Haiti, Hilfe oder Okkupation?
Während viele Nationen uneigennützig versuchen zu helfen, sind gerade die USA und ihre Verbündeten dabei die dortige Katastrophe in ihrem Interesse zu Instrumentalisieren. Nicht nur das dadurch die eigentliche und notwendige humanitäre Hilfe behindert wird, führt dieses Vorgehen auch zur Militarisierung innerhalb der Gesellschaft. Wie einem Beitrag unter der Überschrift „Europas Schutztruppe“ in der Jungen Welt zu entnehmen ist, sind die USA, als vielleicht zukünftige Kolonialmacht, in Haiti nicht die einzigen, welche vorrangig Truppen ins Land schicken, sondern auch aus Richtung Europa die ehemaligen Kolonialmächte ihre Truppen in Bewegung setzen.

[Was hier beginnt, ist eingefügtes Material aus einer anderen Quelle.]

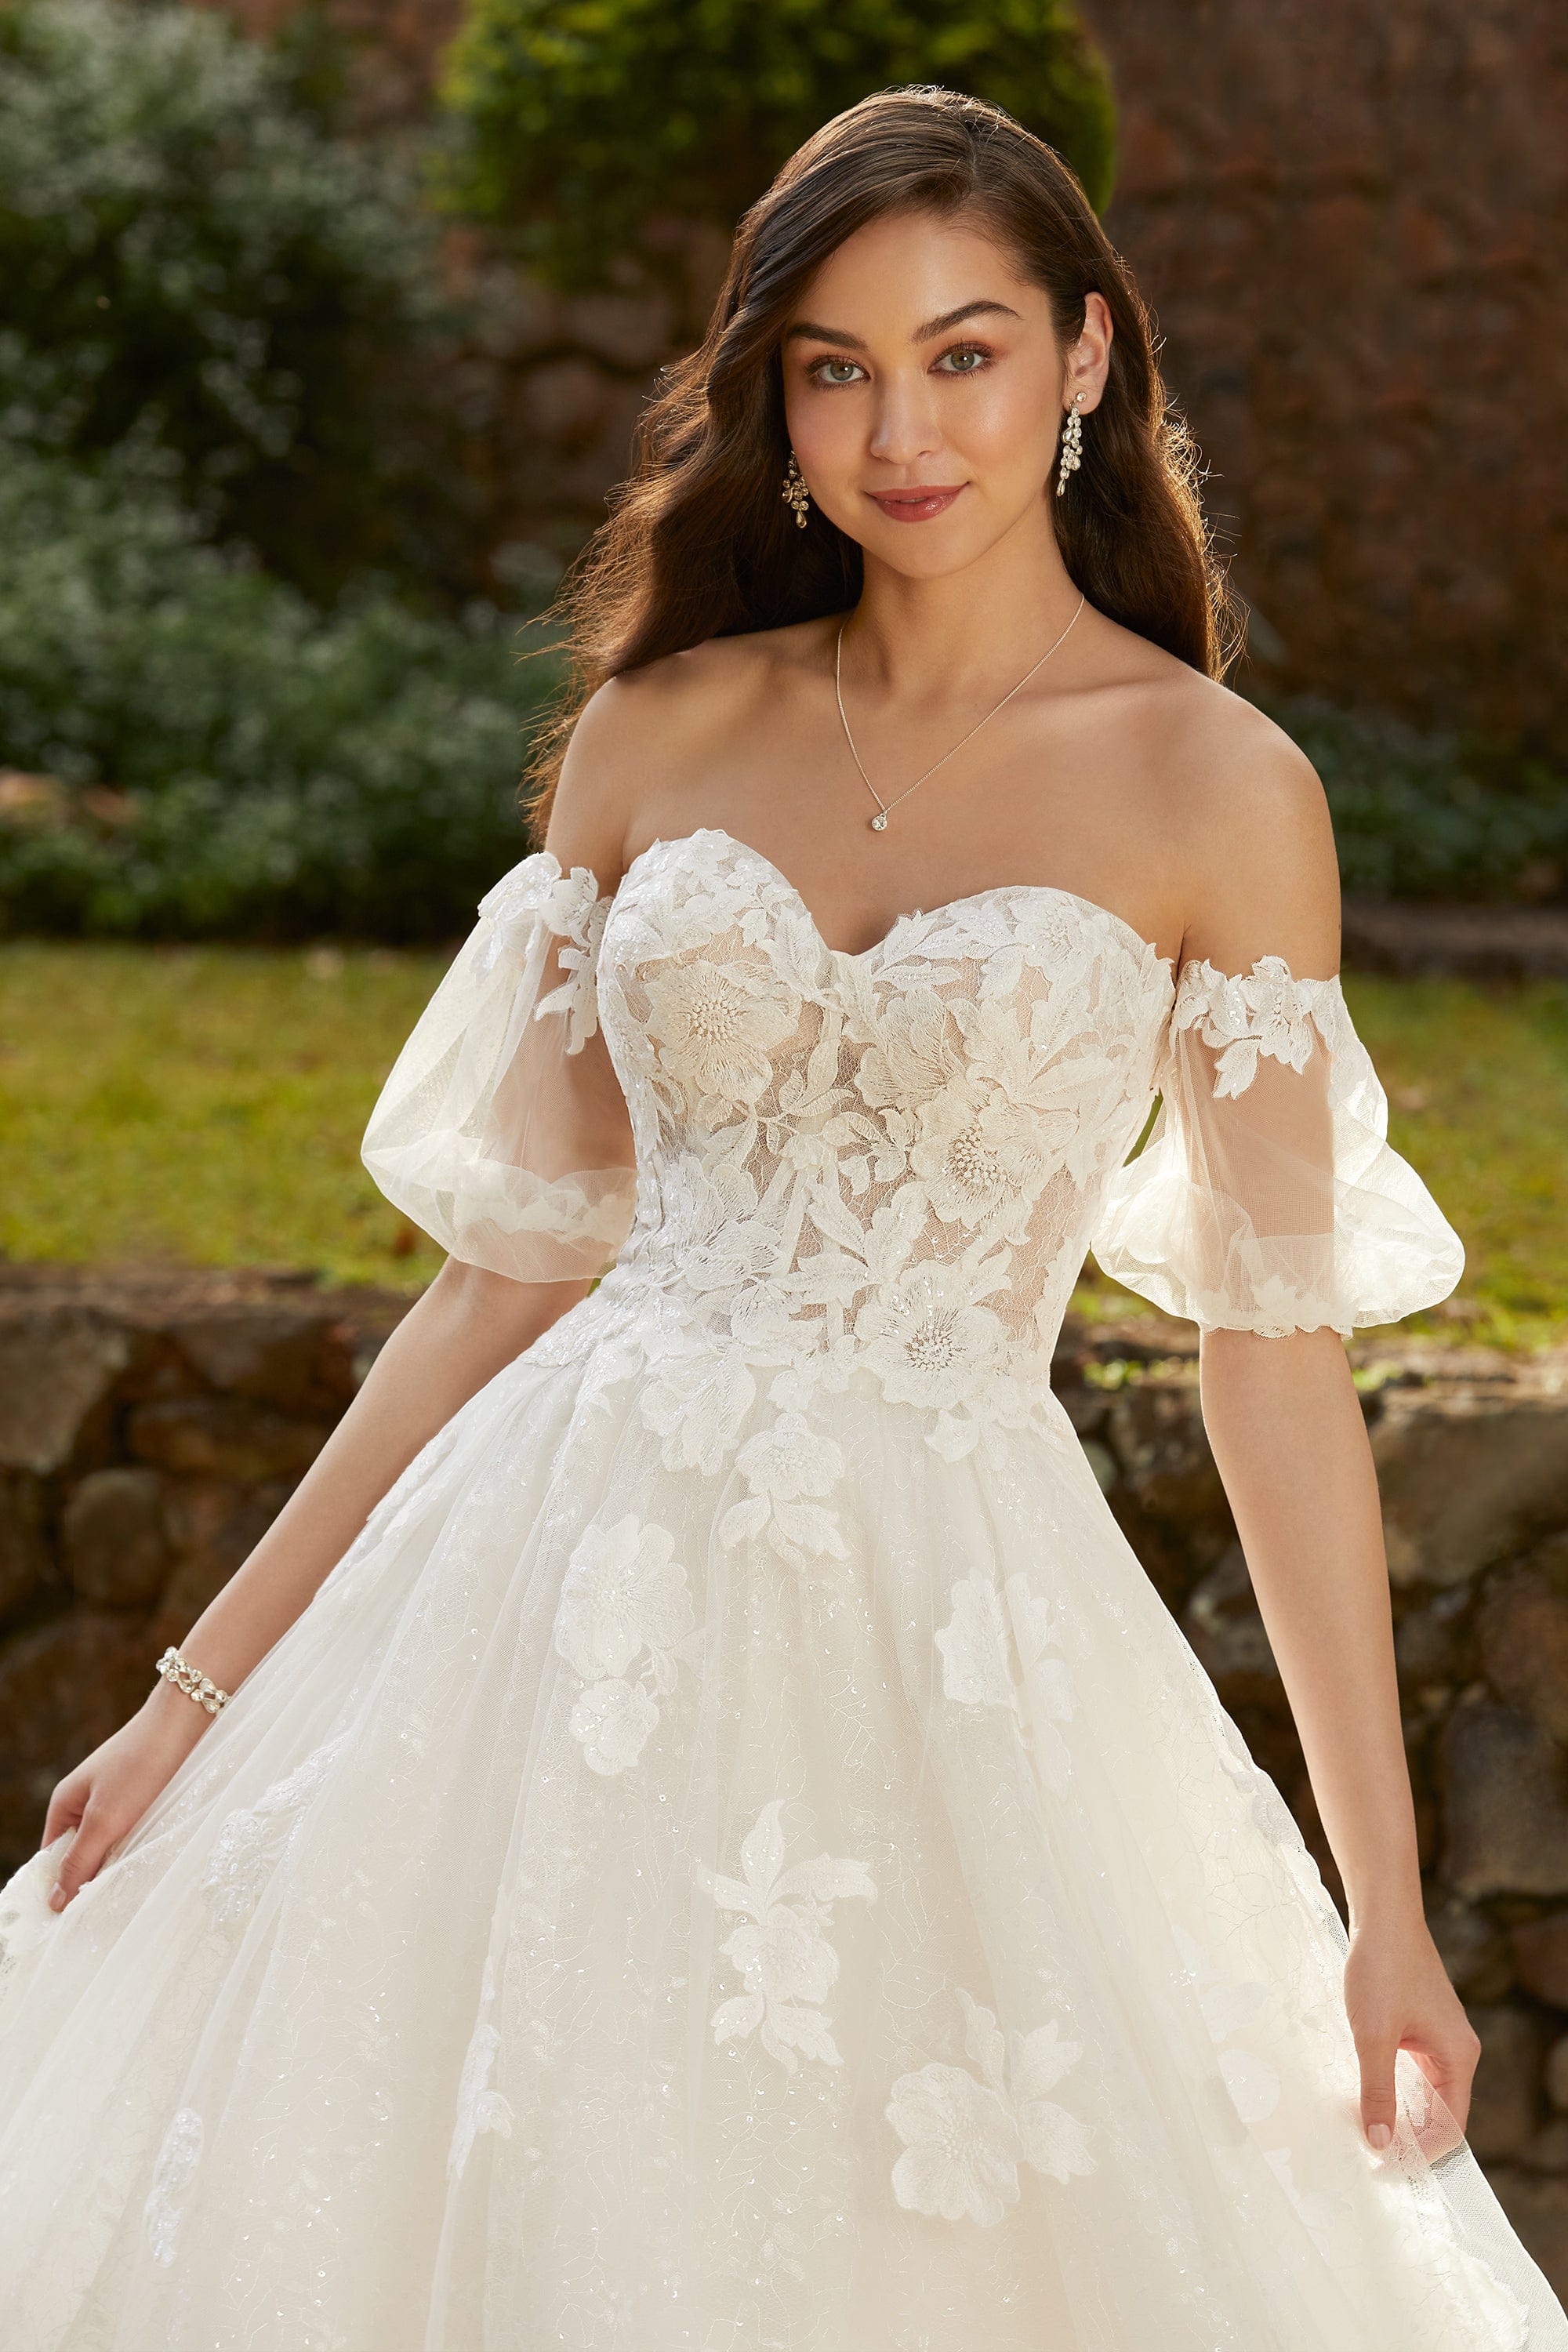 Lace Wedding Dresses and Accessories | Opportunity Bridal
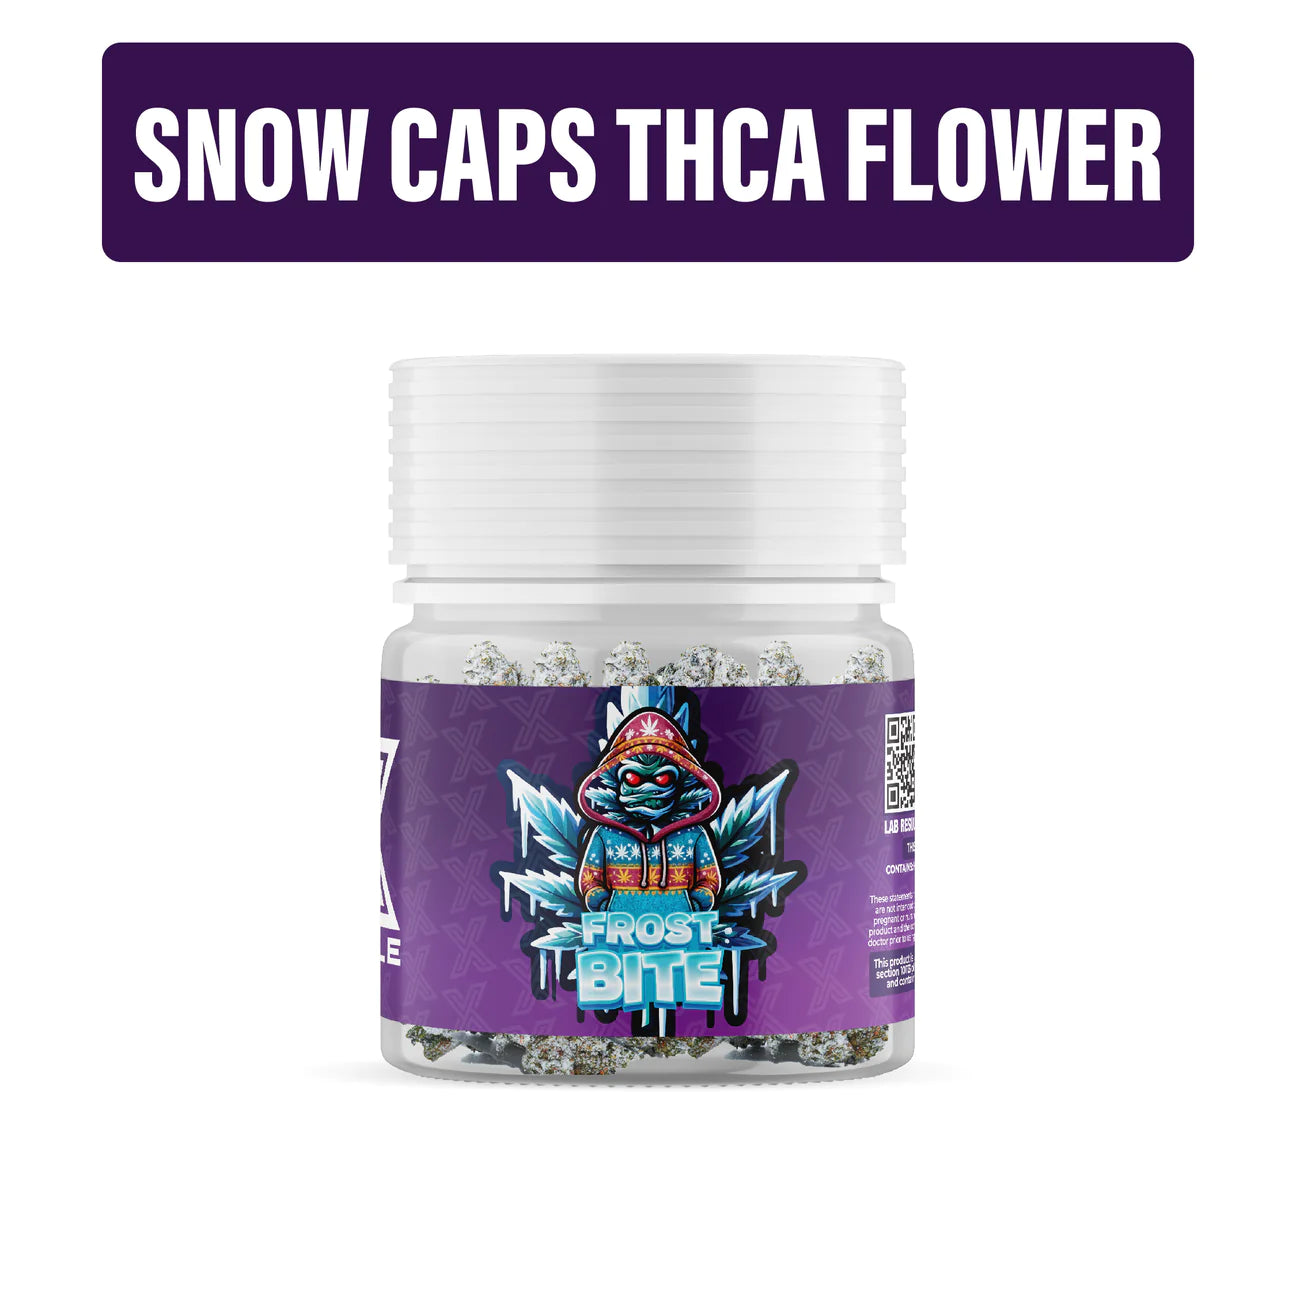 does thca stay in your system?

Ein weiterer interessanter Beitrag zu diesem Thema findet sich unter dem Titel „Zwei Gesichter der Hilfe aus den USA“ ebenfalls in der Jungen Welt, ist aber in der Internetausgabe nur für Online-Abonnenten komplett zugänglich. (Nun habe ich mich vor einiger Zeit für ein Onlineabo dieser Zeitung entschieden, in erster Linie auch um die Junge Welt zu unterstützen, bis jetzt habe ich es all zu oft aber noch nicht genutzt, es ist aber preiswerter als ein Printabo ist.) Wie wichtig eine gute und richtige Information ist, kann gerade auch am Fall Haiti beobachtet werden, wo die Hofberichterstattung (in diesem Fall eher Kriegsberichterstattung) meistens verklärend über den Einsatz der USA und einiger EU-Länder berichtet, andere Hilfe aber weitestgehend verschwiegen wird. Das Kuba nicht nur in solchen Situationen anderen Völkern solidarisch zur Seite steht, dürfte allgemein bekannt sein, dass aber zum Beispiel Norwegen „umgerechnet 610000 Euro als Haiti-Soforthilfe nach Havanna“, überwiesen hat, wie diesem Beitrag zu entnehmen war, hat mich dann doch positiv überrascht. Sicher eine der besten Möglichkeiten um zu sichern, dass die Hilfe auch da ankommt, wo sie am dringendsten Gebraucht wird.